→ Provided information:

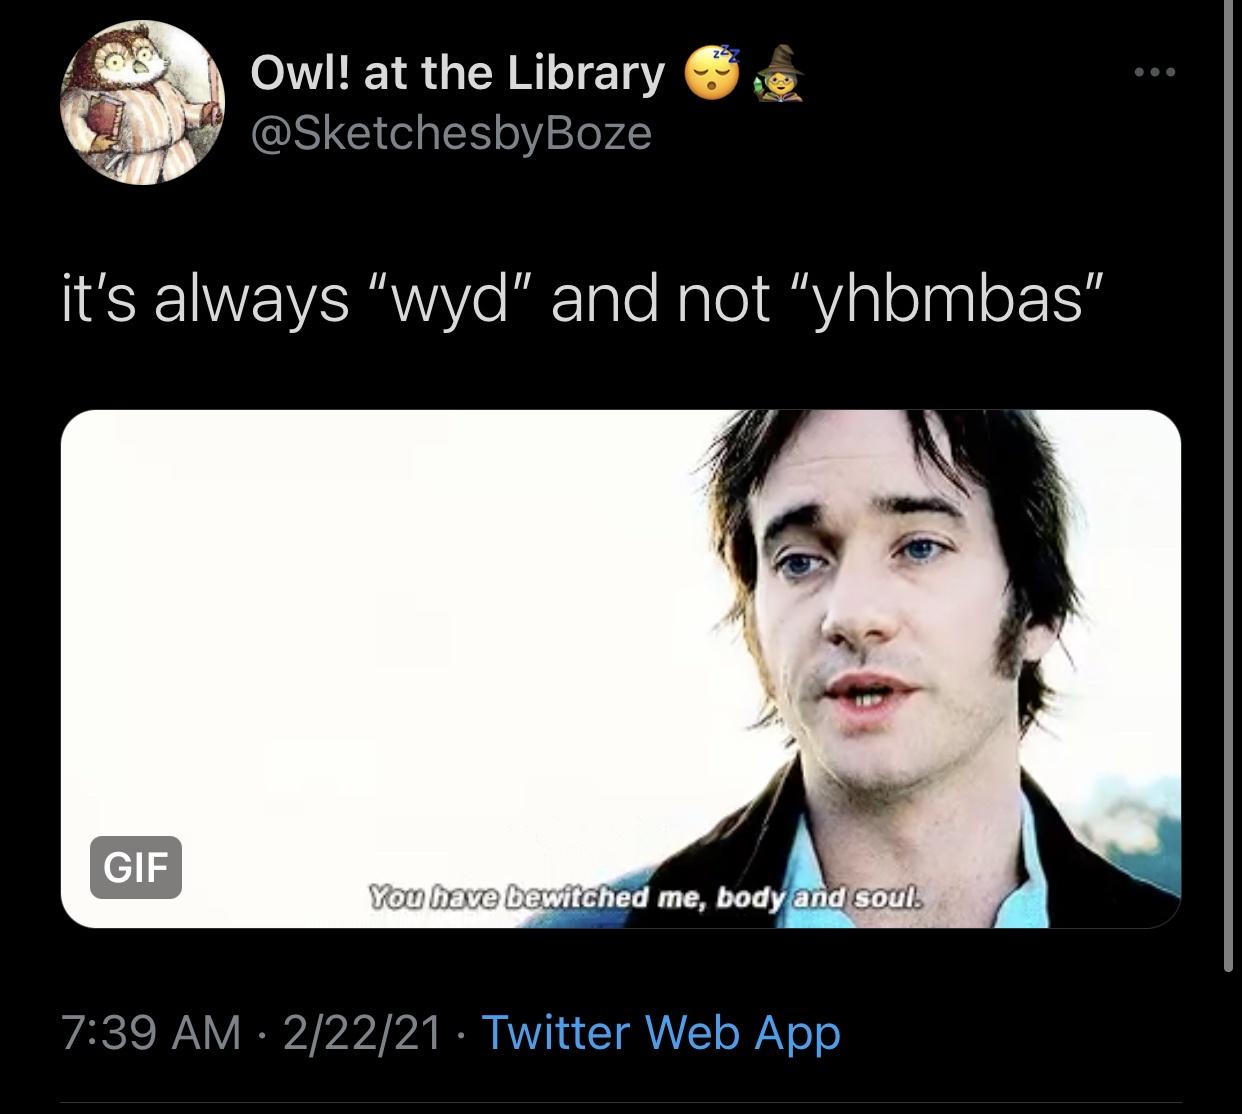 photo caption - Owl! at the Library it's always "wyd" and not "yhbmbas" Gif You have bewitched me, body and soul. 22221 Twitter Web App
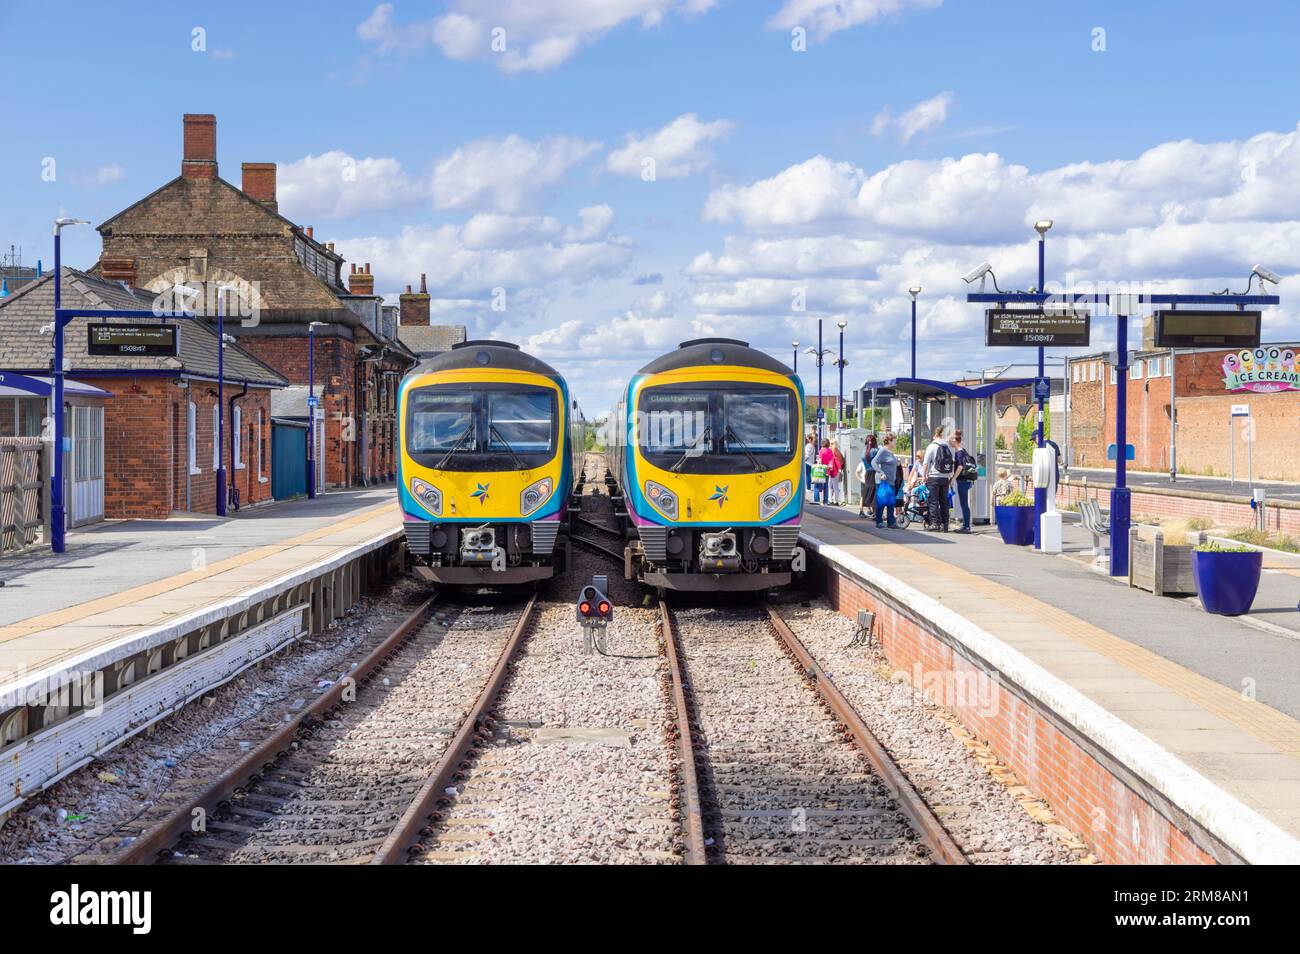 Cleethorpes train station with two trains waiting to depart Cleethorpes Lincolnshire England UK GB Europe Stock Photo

...

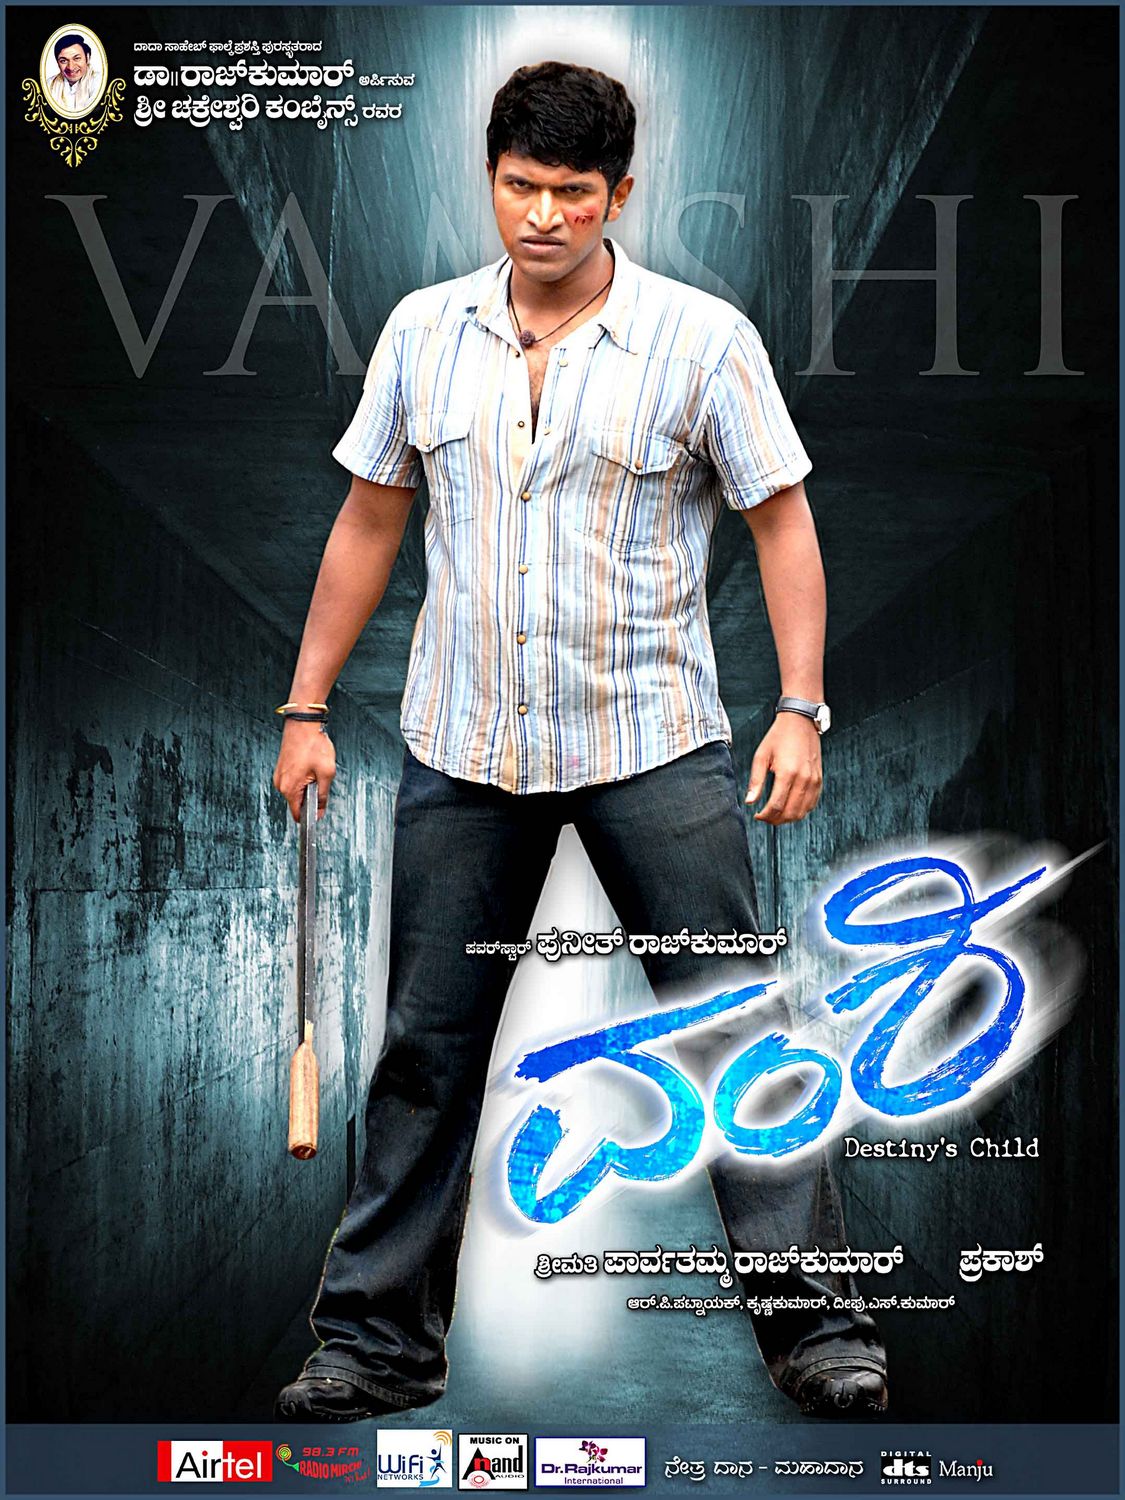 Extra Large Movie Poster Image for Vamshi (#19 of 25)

* * *

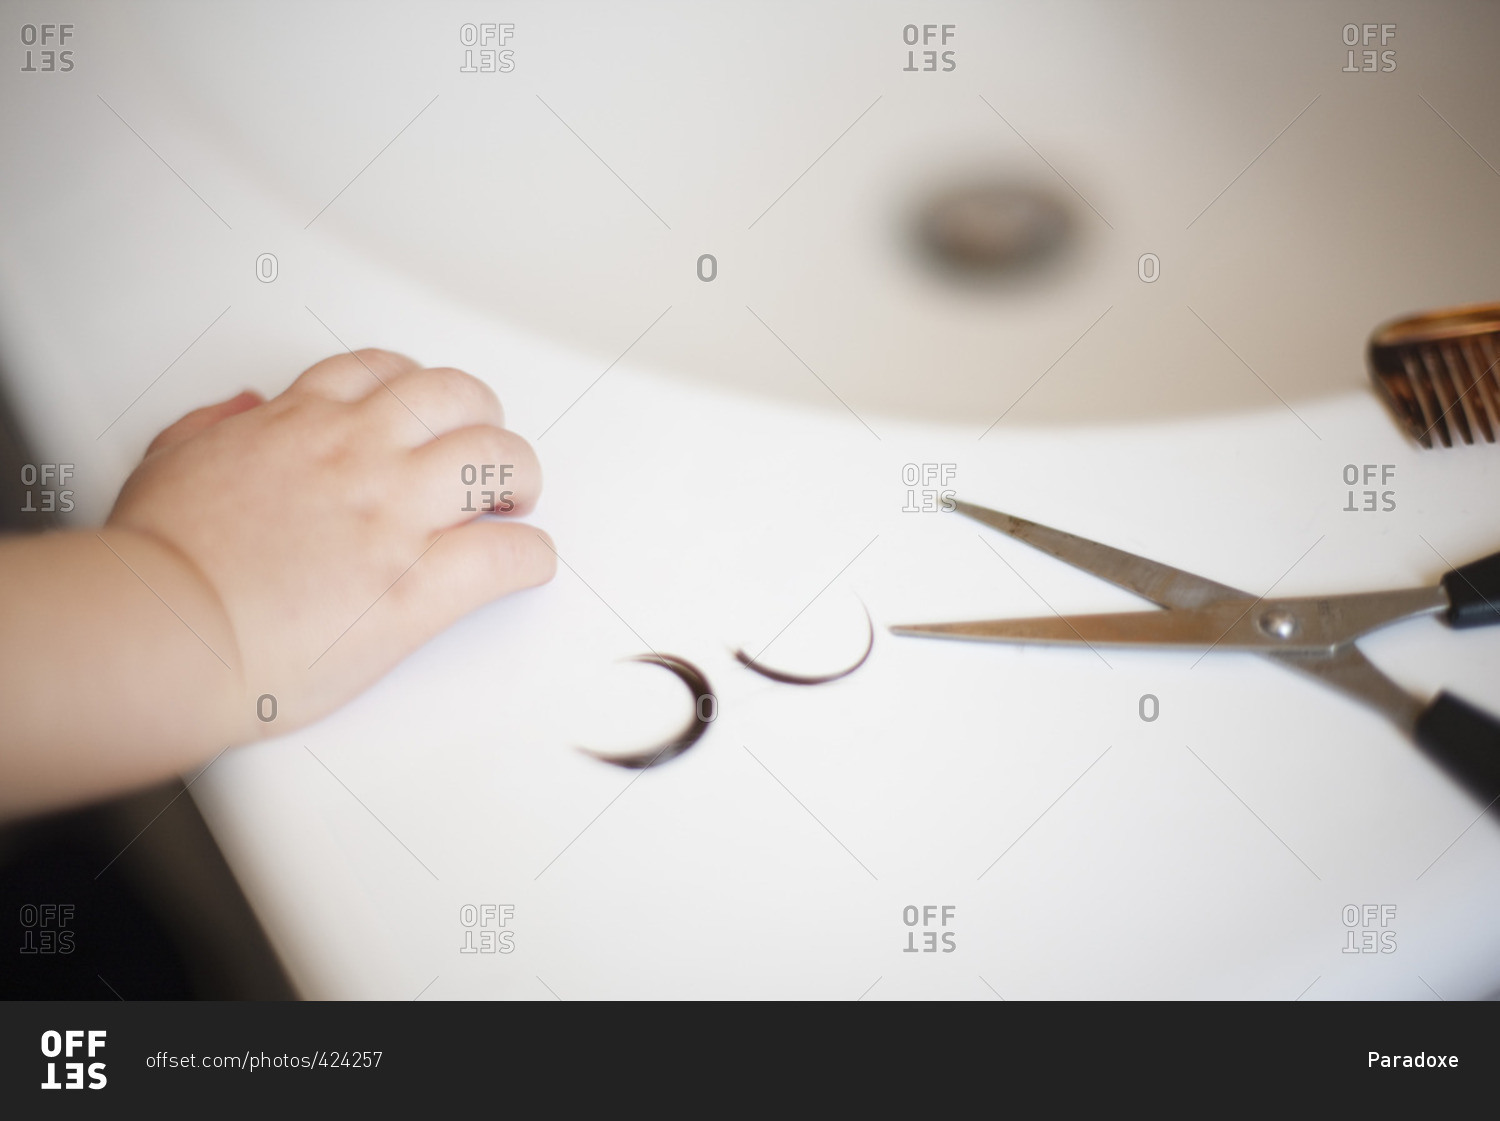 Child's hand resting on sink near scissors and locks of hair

→ Work task: Both the line containing "photo caption - Owl!" and the line containing "Cleethorpes train station" above belong in the output, as do the lines between them. Print them exactly, without pictures.

→ Expected answer:
 photo caption - Owl! at the Library it's always "wyd" and not "yhbmbas" Gif You have bewitched me, body and soul. 22221 Twitter Web App
 Cleethorpes train station with two trains waiting to depart Cleethorpes Lincolnshire England UK GB Europe Stock Photo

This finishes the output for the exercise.